There is no activity more recognized as conjectural art, since the most remote centuries, than the therapeutic one since on it rests the most precious good of our earthly life, health, as he said, in the art of healing Hahnemann in the Organon. Hippocrates also established that disease is a "nosos", or way of making each patient sick. The term: "therapy" comes from the Greek and means servant. But, nowadays, given the "invasion" of technology, he becomes a "servant of technology" and that which was destined to serve him becomes his owner and subordinates himself to the instruments, forgetting the patient in front of him, with his life story. If man is a sacred thing for man, man must not harm him and the pharmacist must pay attention to the sufferings of the patient according to his physical, spiritual, psychological and social needs. The human being cannot be reduced to what technology can detect, as it has something mysterious and unique only perceptible by another human being.
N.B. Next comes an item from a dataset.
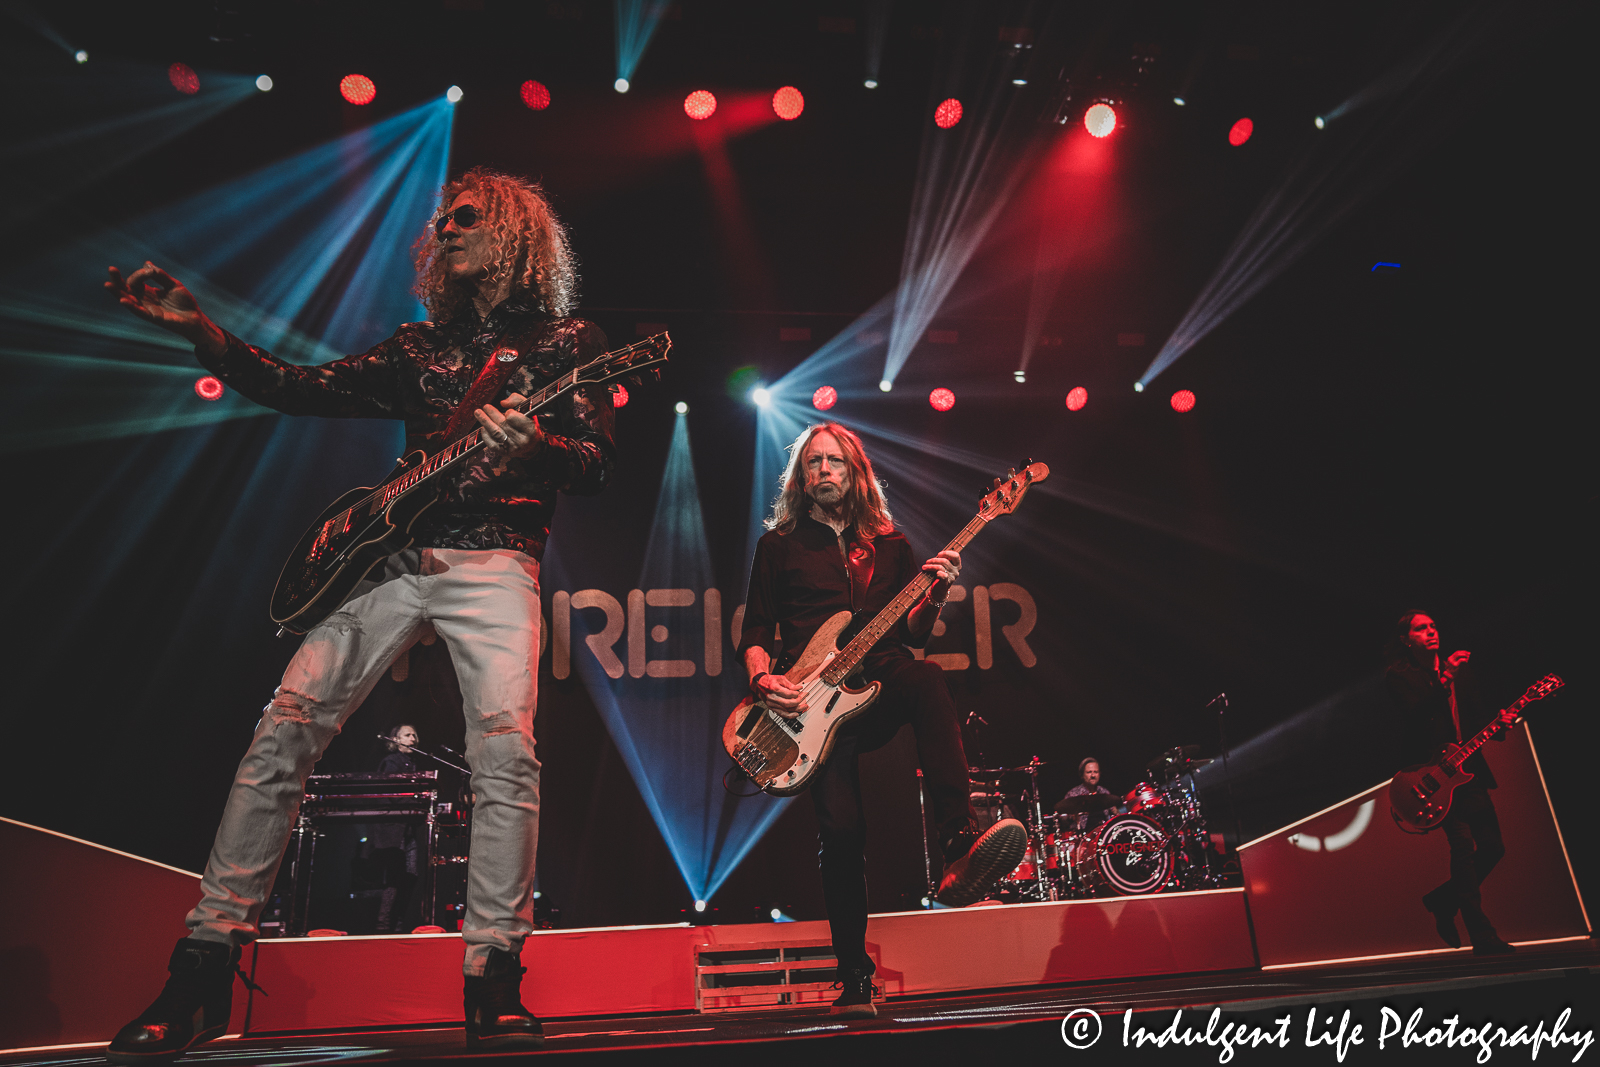 Foreigner band members Bruce Watson, Jeff Pilson, Luis Maldonado, Michael Bluestein and Chris Frazier performing together at Stormont Vail Events Center in Topeka, KS on May 2, 2023.

On the other hand, if the technique is subordinated and becomes a servant, it becomes human, because the purpose of the health professions is the healing and suppression, as far as possible, of pain, and implies the vocation, and the sense of the profession. Hence the importance of self-regulation and codes of ethics in the pharmaceutical profession.

: Pharmaceutical; health; disease; humanization; therapeutic; drug; ethics.